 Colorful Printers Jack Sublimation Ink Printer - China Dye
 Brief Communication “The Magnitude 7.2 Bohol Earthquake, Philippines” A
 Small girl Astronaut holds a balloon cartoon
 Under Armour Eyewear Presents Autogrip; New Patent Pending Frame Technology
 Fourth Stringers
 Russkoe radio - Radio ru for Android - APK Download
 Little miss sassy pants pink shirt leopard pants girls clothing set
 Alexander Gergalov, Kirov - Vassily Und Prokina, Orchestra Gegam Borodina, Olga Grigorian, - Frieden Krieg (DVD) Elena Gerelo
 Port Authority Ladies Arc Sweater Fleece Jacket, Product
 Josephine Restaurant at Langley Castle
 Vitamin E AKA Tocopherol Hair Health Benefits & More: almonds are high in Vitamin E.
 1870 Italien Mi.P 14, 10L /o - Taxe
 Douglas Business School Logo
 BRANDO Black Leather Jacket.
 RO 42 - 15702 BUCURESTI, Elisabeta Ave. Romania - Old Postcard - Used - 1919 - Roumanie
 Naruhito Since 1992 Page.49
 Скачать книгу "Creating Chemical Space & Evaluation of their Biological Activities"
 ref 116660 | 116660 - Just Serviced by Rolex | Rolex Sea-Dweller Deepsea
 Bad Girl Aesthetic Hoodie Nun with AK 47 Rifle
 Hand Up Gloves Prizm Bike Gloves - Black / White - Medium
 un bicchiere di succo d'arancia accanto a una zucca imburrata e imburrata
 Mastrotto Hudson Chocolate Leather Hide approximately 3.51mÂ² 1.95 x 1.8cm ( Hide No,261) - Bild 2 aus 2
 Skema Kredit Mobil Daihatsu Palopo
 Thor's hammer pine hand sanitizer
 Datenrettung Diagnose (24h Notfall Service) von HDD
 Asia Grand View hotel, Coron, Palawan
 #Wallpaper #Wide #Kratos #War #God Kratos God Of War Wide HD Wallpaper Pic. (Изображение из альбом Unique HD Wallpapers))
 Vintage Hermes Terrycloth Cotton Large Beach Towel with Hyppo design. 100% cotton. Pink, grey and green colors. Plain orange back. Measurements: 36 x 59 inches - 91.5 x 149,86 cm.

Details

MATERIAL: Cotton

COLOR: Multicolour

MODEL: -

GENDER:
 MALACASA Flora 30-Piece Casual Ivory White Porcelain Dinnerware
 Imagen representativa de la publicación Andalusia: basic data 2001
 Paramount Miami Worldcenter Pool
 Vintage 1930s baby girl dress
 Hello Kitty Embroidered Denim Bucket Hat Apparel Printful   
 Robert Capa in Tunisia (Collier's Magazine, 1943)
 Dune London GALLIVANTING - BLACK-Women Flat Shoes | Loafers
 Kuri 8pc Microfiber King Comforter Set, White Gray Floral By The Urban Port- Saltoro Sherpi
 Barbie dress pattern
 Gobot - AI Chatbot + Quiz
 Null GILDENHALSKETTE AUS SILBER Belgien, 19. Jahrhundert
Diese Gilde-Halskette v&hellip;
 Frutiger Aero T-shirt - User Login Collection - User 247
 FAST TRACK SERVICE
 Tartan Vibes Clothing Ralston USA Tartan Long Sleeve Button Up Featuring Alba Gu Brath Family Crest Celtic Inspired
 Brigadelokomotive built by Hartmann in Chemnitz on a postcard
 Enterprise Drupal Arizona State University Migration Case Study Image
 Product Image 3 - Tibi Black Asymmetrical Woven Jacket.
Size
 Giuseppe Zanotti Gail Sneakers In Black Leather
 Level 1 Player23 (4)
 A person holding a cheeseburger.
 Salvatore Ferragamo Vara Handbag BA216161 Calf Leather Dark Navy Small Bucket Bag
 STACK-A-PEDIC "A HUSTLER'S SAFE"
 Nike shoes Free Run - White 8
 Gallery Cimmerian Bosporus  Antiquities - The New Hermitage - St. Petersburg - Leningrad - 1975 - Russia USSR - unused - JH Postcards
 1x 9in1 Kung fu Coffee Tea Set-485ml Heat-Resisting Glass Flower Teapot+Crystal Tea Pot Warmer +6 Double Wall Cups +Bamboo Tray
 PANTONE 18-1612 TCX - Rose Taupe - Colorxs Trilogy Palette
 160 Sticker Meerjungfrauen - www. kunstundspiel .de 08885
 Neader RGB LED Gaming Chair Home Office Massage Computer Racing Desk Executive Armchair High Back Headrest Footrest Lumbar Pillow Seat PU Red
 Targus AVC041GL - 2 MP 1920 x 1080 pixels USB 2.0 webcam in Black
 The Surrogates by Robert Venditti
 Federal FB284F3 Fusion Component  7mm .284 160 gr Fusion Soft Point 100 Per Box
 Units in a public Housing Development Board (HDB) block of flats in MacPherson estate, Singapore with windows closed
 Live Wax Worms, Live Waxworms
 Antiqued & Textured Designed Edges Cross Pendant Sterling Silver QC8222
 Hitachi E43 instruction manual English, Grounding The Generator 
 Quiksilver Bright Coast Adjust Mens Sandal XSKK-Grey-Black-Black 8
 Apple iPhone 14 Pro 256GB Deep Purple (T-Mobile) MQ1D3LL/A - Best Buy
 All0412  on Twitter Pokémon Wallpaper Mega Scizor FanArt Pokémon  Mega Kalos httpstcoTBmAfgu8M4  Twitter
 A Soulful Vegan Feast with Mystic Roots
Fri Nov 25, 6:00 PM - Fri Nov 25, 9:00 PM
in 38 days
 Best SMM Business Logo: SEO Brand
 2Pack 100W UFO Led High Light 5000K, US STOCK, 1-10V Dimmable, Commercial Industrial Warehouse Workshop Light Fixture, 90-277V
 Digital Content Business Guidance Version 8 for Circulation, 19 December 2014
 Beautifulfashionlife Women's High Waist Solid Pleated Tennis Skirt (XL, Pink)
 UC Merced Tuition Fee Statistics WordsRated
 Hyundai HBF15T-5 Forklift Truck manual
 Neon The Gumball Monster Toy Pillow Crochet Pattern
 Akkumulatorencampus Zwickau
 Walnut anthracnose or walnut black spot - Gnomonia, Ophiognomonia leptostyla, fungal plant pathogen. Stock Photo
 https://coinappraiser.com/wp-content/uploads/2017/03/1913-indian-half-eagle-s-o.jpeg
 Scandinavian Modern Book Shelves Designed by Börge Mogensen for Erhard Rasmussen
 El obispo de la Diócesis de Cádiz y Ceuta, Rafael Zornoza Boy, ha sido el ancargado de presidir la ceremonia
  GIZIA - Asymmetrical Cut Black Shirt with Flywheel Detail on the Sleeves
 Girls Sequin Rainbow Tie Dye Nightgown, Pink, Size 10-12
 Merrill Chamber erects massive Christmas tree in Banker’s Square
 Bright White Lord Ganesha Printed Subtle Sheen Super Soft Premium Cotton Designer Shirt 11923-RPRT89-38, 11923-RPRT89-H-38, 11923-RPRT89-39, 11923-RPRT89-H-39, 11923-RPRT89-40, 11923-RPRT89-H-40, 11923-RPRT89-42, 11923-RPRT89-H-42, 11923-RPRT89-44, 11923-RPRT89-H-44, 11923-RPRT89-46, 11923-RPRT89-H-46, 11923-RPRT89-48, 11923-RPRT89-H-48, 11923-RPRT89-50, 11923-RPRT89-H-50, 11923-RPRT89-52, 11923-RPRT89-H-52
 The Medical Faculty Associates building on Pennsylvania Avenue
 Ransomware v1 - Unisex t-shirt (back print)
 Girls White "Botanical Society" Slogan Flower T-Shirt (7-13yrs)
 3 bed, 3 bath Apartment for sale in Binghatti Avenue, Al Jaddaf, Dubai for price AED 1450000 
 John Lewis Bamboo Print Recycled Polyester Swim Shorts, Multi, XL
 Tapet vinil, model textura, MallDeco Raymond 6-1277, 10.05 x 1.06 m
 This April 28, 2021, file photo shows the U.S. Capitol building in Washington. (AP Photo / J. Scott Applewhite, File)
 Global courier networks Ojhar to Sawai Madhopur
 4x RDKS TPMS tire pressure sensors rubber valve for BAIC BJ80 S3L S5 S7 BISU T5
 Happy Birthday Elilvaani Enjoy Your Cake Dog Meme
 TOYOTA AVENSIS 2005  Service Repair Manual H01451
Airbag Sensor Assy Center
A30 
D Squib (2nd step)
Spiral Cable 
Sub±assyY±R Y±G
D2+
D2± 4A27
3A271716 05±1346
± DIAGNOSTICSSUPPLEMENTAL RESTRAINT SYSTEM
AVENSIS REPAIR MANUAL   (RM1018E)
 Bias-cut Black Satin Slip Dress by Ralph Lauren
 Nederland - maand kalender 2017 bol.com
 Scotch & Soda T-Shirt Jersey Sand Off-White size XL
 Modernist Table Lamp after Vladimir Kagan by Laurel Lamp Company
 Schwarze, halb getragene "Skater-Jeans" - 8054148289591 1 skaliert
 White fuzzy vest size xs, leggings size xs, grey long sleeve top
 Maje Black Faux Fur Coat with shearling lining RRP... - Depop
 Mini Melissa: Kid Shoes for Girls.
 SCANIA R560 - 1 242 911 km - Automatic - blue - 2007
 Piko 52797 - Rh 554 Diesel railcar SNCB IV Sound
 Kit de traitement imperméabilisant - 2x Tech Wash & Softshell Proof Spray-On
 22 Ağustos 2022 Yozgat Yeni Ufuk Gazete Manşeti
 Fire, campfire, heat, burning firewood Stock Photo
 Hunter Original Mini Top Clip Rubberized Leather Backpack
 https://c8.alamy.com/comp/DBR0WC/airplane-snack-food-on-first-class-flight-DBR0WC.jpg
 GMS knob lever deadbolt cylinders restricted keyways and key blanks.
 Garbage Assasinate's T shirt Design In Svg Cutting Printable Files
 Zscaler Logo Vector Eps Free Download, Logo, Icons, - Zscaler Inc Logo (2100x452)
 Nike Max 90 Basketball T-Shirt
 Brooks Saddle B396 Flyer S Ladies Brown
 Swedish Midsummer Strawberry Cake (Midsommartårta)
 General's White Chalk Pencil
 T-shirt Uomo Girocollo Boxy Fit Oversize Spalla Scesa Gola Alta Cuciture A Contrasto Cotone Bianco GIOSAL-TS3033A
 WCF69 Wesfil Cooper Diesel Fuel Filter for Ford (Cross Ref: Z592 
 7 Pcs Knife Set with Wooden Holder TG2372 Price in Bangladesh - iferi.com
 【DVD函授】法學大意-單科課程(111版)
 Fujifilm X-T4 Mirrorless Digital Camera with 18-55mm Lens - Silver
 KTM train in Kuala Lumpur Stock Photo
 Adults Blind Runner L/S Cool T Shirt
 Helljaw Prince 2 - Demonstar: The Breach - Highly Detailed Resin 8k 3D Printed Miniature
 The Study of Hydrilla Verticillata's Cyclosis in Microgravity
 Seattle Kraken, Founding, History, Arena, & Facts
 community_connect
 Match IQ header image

____

=== Exercise instructions ===
Output exactly the lines of the material above from the one containing "Skema Kredit Mobil Daihatsu Palopo" up to and including the one containing "Nike shoes Free Run - White 8".

=== Reply to the task ===
 Skema Kredit Mobil Daihatsu Palopo
 Thor's hammer pine hand sanitizer
 Datenrettung Diagnose (24h Notfall Service) von HDD
 Asia Grand View hotel, Coron, Palawan
 #Wallpaper #Wide #Kratos #War #God Kratos God Of War Wide HD Wallpaper Pic. (Изображение из альбом Unique HD Wallpapers))
 Vintage Hermes Terrycloth Cotton Large Beach Towel with Hyppo design. 100% cotton. Pink, grey and green colors. Plain orange back. Measurements: 36 x 59 inches - 91.5 x 149,86 cm.

Details

MATERIAL: Cotton

COLOR: Multicolour

MODEL: -

GENDER:
 MALACASA Flora 30-Piece Casual Ivory White Porcelain Dinnerware
 Imagen representativa de la publicación Andalusia: basic data 2001
 Paramount Miami Worldcenter Pool
 Vintage 1930s baby girl dress
 Hello Kitty Embroidered Denim Bucket Hat Apparel Printful   
 Robert Capa in Tunisia (Collier's Magazine, 1943)
 Dune London GALLIVANTING - BLACK-Women Flat Shoes | Loafers
 Kuri 8pc Microfiber King Comforter Set, White Gray Floral By The Urban Port- Saltoro Sherpi
 Barbie dress pattern
 Gobot - AI Chatbot + Quiz
 Null GILDENHALSKETTE AUS SILBER Belgien, 19. Jahrhundert
Diese Gilde-Halskette v&hellip;
 Frutiger Aero T-shirt - User Login Collection - User 247
 FAST TRACK SERVICE
 Tartan Vibes Clothing Ralston USA Tartan Long Sleeve Button Up Featuring Alba Gu Brath Family Crest Celtic Inspired
 Brigadelokomotive built by Hartmann in Chemnitz on a postcard
 Enterprise Drupal Arizona State University Migration Case Study Image
 Product Image 3 - Tibi Black Asymmetrical Woven Jacket.
Size
 Giuseppe Zanotti Gail Sneakers In Black Leather
 Level 1 Player23 (4)
 A person holding a cheeseburger.
 Salvatore Ferragamo Vara Handbag BA216161 Calf Leather Dark Navy Small Bucket Bag
 STACK-A-PEDIC "A HUSTLER'S SAFE"
 Nike shoes Free Run - White 8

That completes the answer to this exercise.